I don’t believe that’s their point though. Their point is that Apple is wrong and bad if any single component by any other manufacturer is faster than Apple‘s solution, no matter the efficiency or the cost. I think there are people on there saying Apple has lost because they don’t competr with datacenter solutions like the H100.
I know games using both are very rare, only one so far, Alan Wake 2 so far.
If that’s true, then it’s ridiculous to complain about Apple lacking software that uses both.
Apple not only needs to keep more regularly but also needs to improve their software catalog. To showcase GPU improvements to the masses games are the best way to do it.

Let’s make it easier have their been any games released since Apple released M3 with Ray tracing support?

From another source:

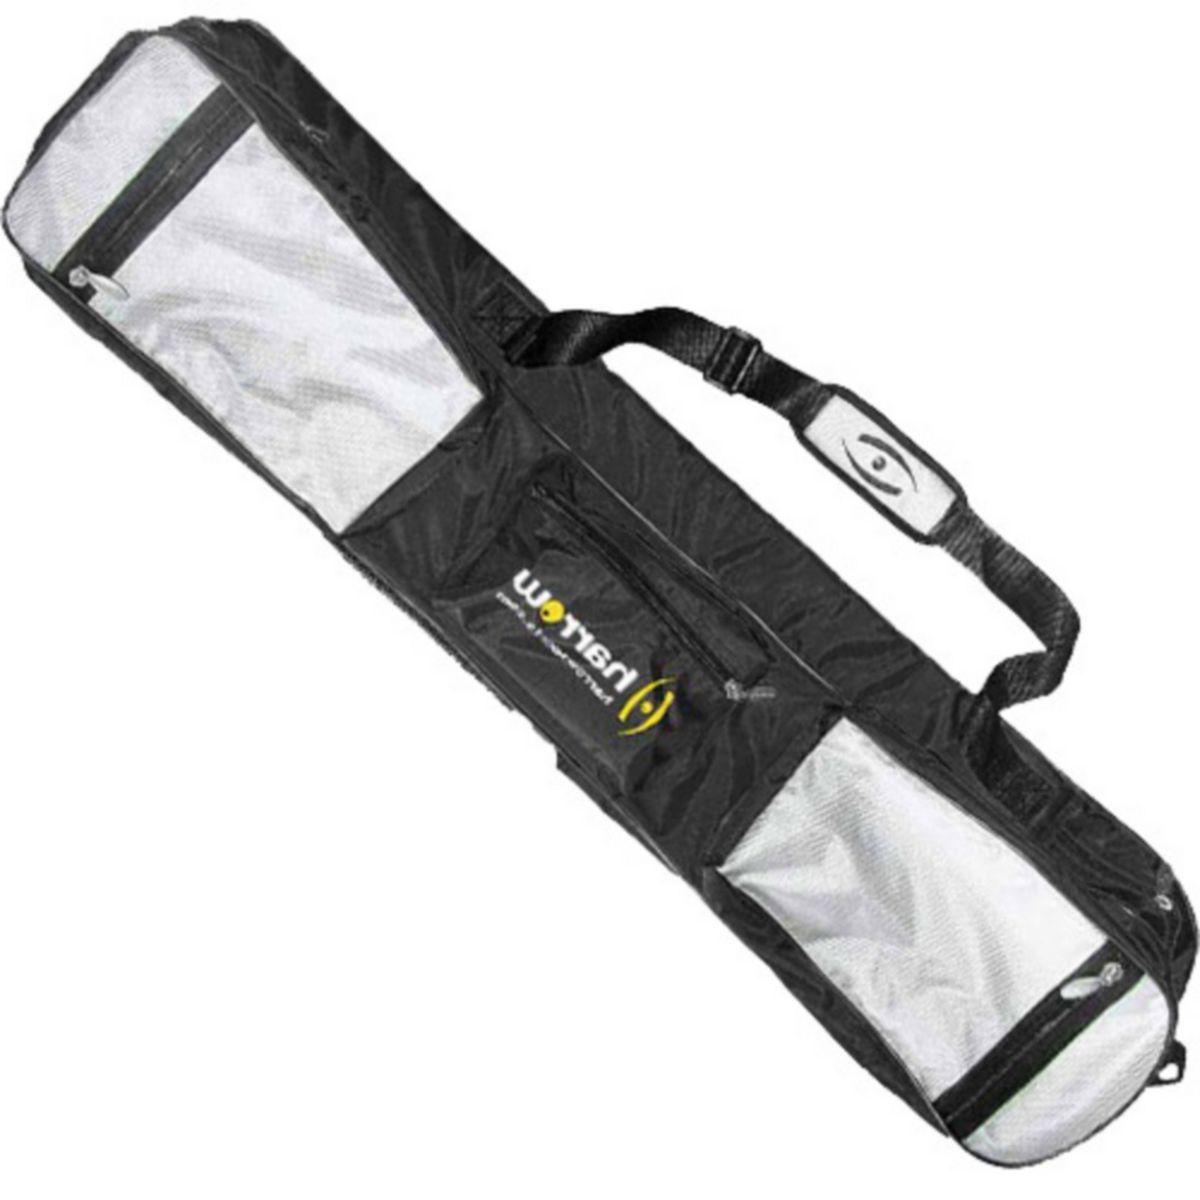 Harrow Blitz 4000 Deluxe Field Stick Bag
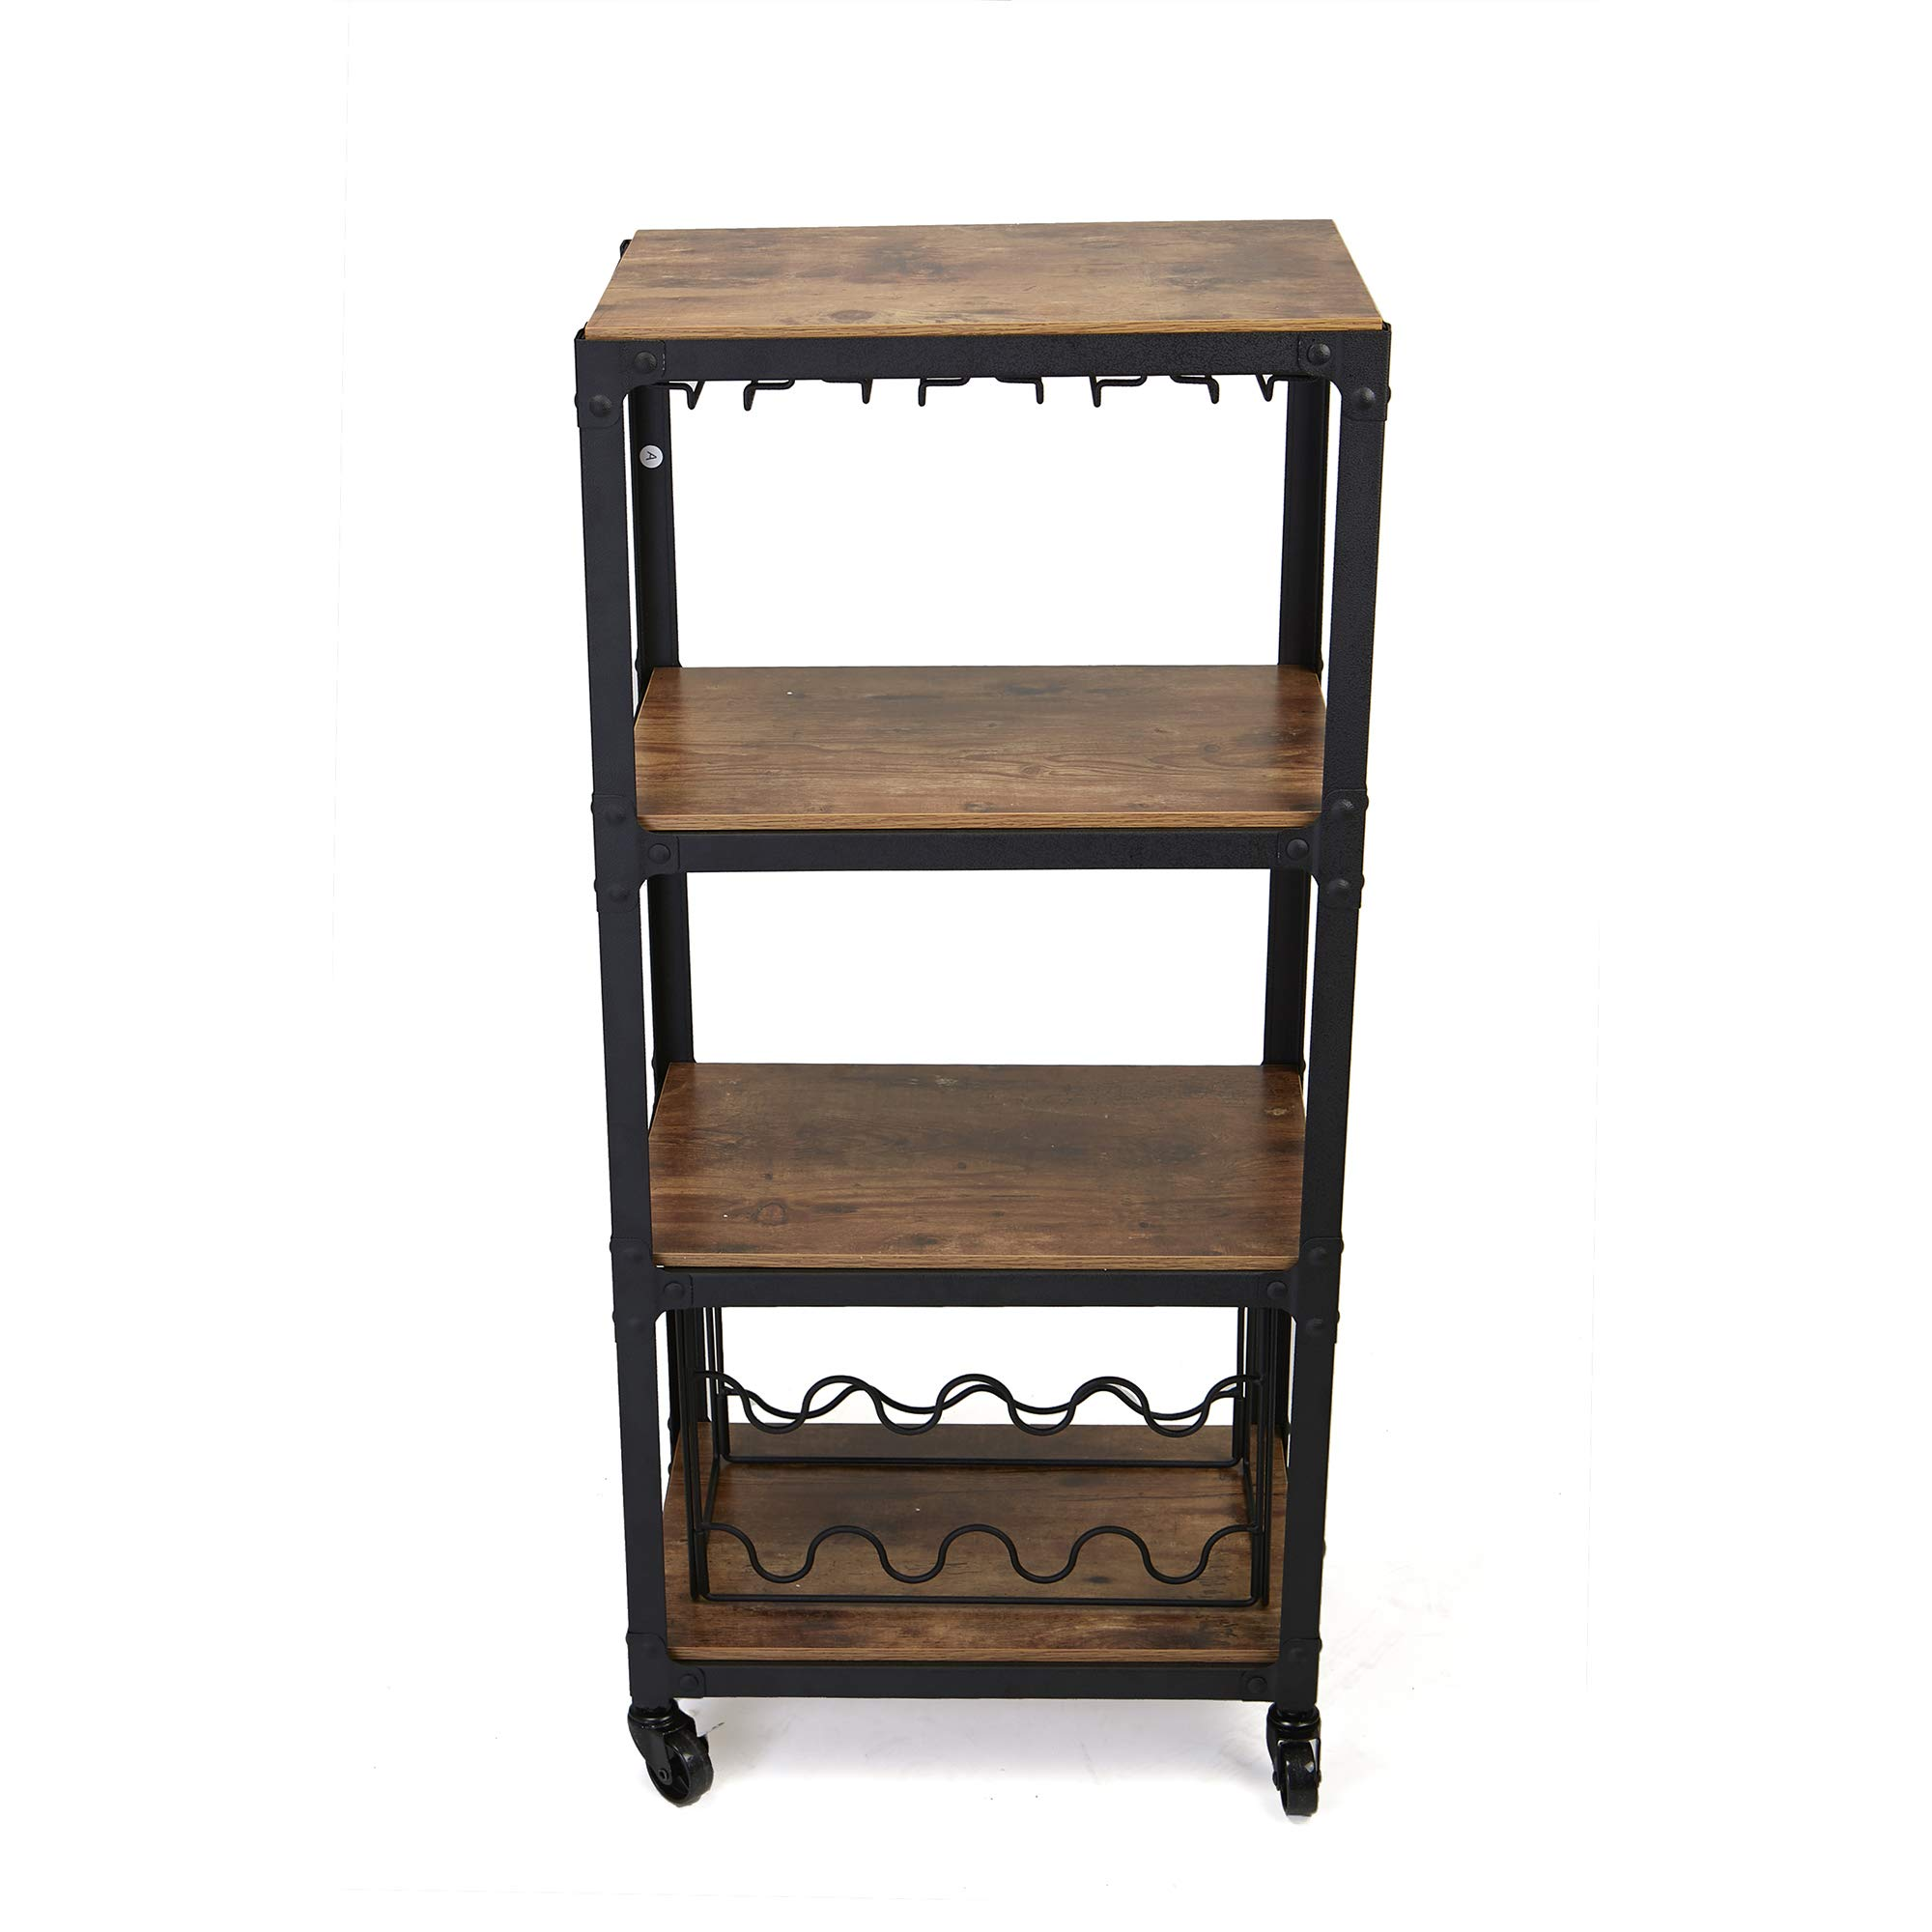 Mind Reader Mobile Kitchen Cart with Wine Rack and Stemware Storage, Black by Mind Reader

Why just games? Why would you exclude Blender or Redshift? Given the short time it’s been available, I have no idea why you would think it’s bad, and no idea why you would think games would be the first software to support it.
 
I don’t believe that’s their point though. Their point is that Apple is wrong and bad if any single component by any other manufacturer is faster than Apple‘s solution, no matter the efficiency or the cost. I think there are people on there saying Apple has lost because they don’t compete with datacenter solutions like the H100.
Indeed and if earnings reports and market caps were the judge, no one should use anything other than Apple products in any market Apple competes in.

If that’s true, then it’s ridiculous to complain about Apple lacking software that uses both.
I think he was saying that was the only Apple software using both that he knew of, but I'm not sure.
Why just games? Why would you exclude Blender or Redshift? Given the short time it’s been available, I have no idea why you would think it’s bad, and no idea why you would think games would be the first software to support it.
And like you I agree that the above point is largely immaterial. While Apple is definitely trying to get native games onto its platform, the M3 has only been out just a few months and Apple's bread and butter has been professional applications which have shown pretty reasonable, shockingly speedy in fact, adoption of new features from Apple so far. I don't think anyone here would disagree with the @exoticspice1 's sentiment that Apple needs to continue to improve at regular intervals, but giving up just as they are making substantial progress is silly. As someone who uses Nvidia's CUDA, I'm excited by Apple's entrance and there are definitely ways in which Nvidia can be pushed to compete in user laptop and even desktop by Apple. As someone who also uses Apple products, sure I miss the days when I could use both in the same product, but times change (though again PCIe passthrough!). Finally, I wouldn't want to see either company with a monopoly regardless of how much better/faster/ etc ... they are.